CHAIR WILCOX - Thank you for that snapshot. Any questions for Professor Cowley?
PROFESSOR CAROLINE EASTMAN (CSCE) - I have a question for both of you. Do your numbers include graduate students as well as undergraduate students and comment on fractions in those two groups per populations?
ASSISTANT DEAN COWLEY - I only have gotten few graduate students. I think you know where they are from. They were dealt with in pretty much the same fashion. Another thing that I would like to point out: Students from other colleges with serious infractions in a Science and Math course are reported to their college of record.
CHAIR WILCOX - Thank you.
PROFESSOR BOB FELLER (BIOL) - I chaired the academic responsibility committee for the College of Science and Mathematics for a number of years. I always felt a little frustrated because the cases kept rolling in and I am just curious whether in any of your discussion, Mr. Chairman, or your's, Assistant Dean Cowley, if there is any way we can get reports of what is going on with these committees in the Gamecock or some kind of publication so the student awareness of these problems is bolstered a little bit. I would like to hear what you think about that.
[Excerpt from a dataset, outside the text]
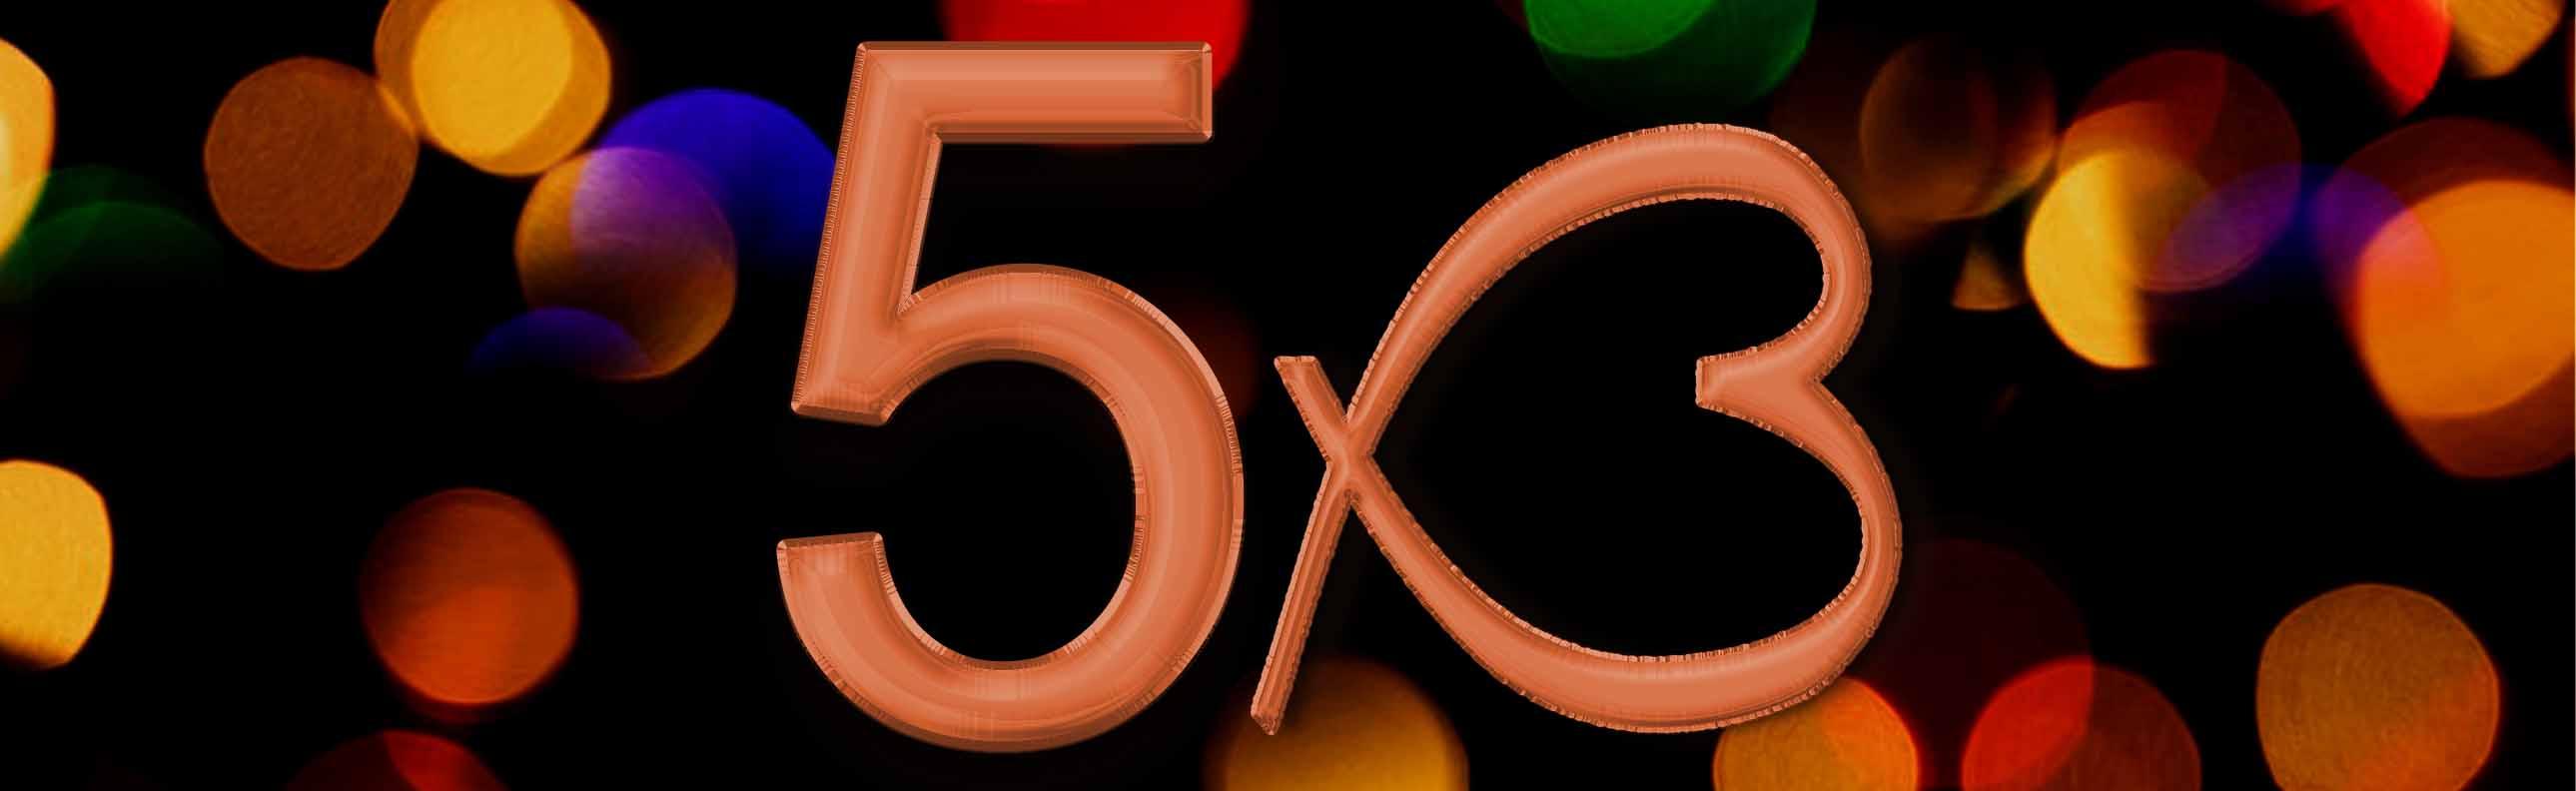 Blostrupmoens 50 liv

CHAIR WILCOX - I don't think there is a problem as long as you don't violate the privacy problems. I am a big fan of publication. I like your suggestion. My personal view on this is that you need to -- throughout your experience at the University -- be constantly reminded of your duties, and that is one way of reminding people to see how their brethren have faired. So I may refer that over to Dennis's office to look into the best means of publishing this information. If you could maybe give me a letter back at some point as to some thoughts on that?
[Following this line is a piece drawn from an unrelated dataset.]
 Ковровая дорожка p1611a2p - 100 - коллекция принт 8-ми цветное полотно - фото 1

PROFESSOR CHARLES MACK - Public pillory might be a good idea. Has there been any attempt to take these statistics and match them up with peer institutions to see if this is a problem that all institutions of higher learning are experiencing? Or is this something special to us and how we fair?
CHAIR WILCOX - Dennis, would you comment on this?
DENNIS PRUITT - These are the data that most institutions don't publicly share. It is a public relations issue. There are very few institutions that release this information. I agree with the comments about putting it in The Gamecock - both behavioral and academic integrity violations. Because it is a deterrent. One of the things students tell us is nobody gets caught and if you do get caught you are not held accountable. Students perceive that if you do get caught and you are found quilty, you can manipulate the outcome. So, that just creates a cycle of people wanting to cheat because they think they can. It is a good suggestion and we will take it into consideration.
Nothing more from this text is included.